Repeat only the stretch of lines below that runs from the line with "富士桜高原麦酒パーティー8本セット 金賞クラフトビール飲み比べ FAD026" through the line with "Aircraft having a", unaltered.

Data for analysis:

______

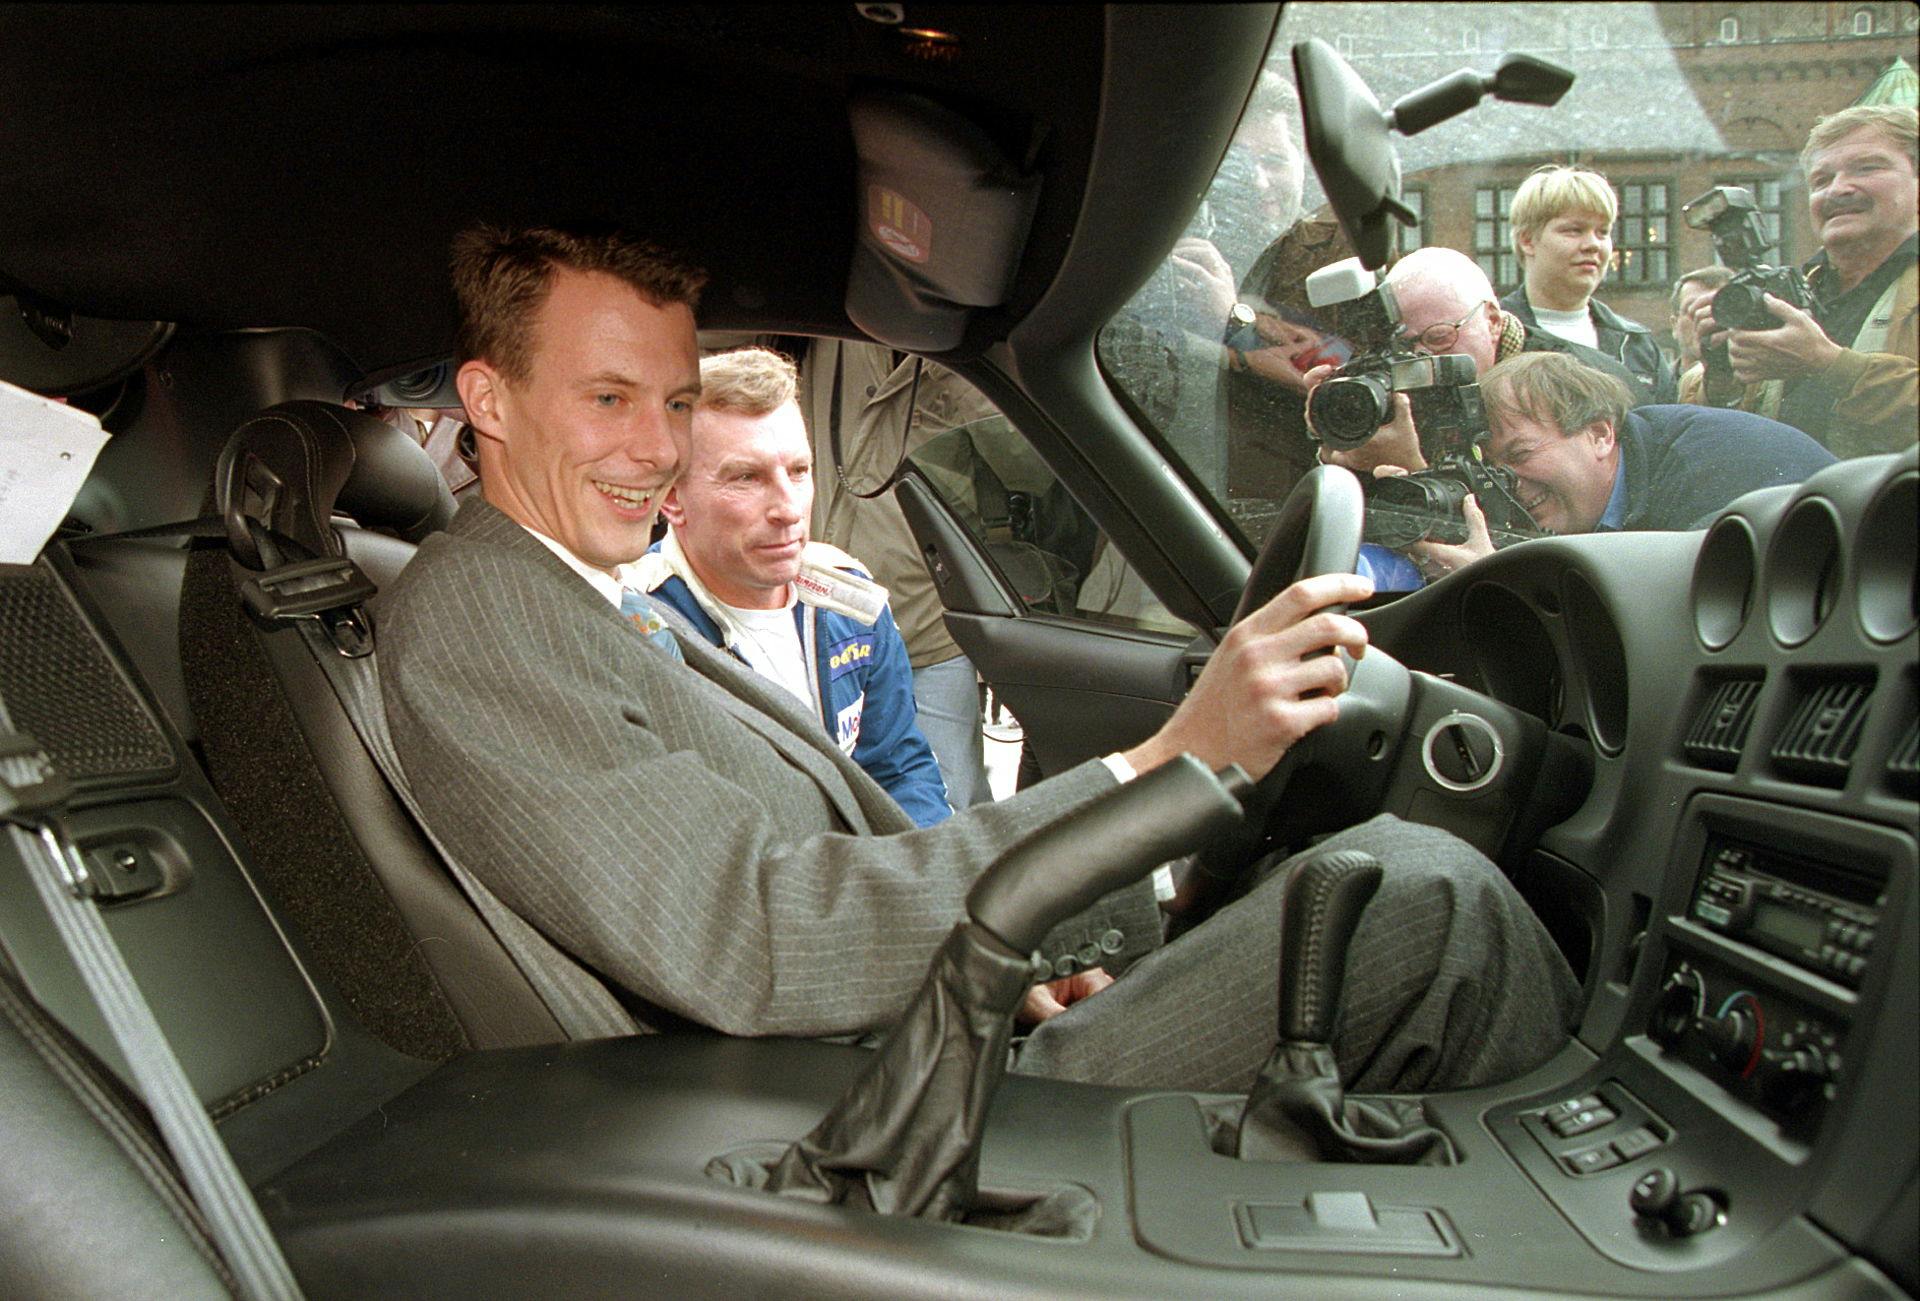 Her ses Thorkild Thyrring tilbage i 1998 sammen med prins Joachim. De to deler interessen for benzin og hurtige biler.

______

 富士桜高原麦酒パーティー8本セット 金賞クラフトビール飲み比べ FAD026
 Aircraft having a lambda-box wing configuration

______

Solution to this task:
 富士桜高原麦酒パーティー8本セット 金賞クラフトビール飲み比べ FAD026
 Aircraft having a lambda-box wing configuration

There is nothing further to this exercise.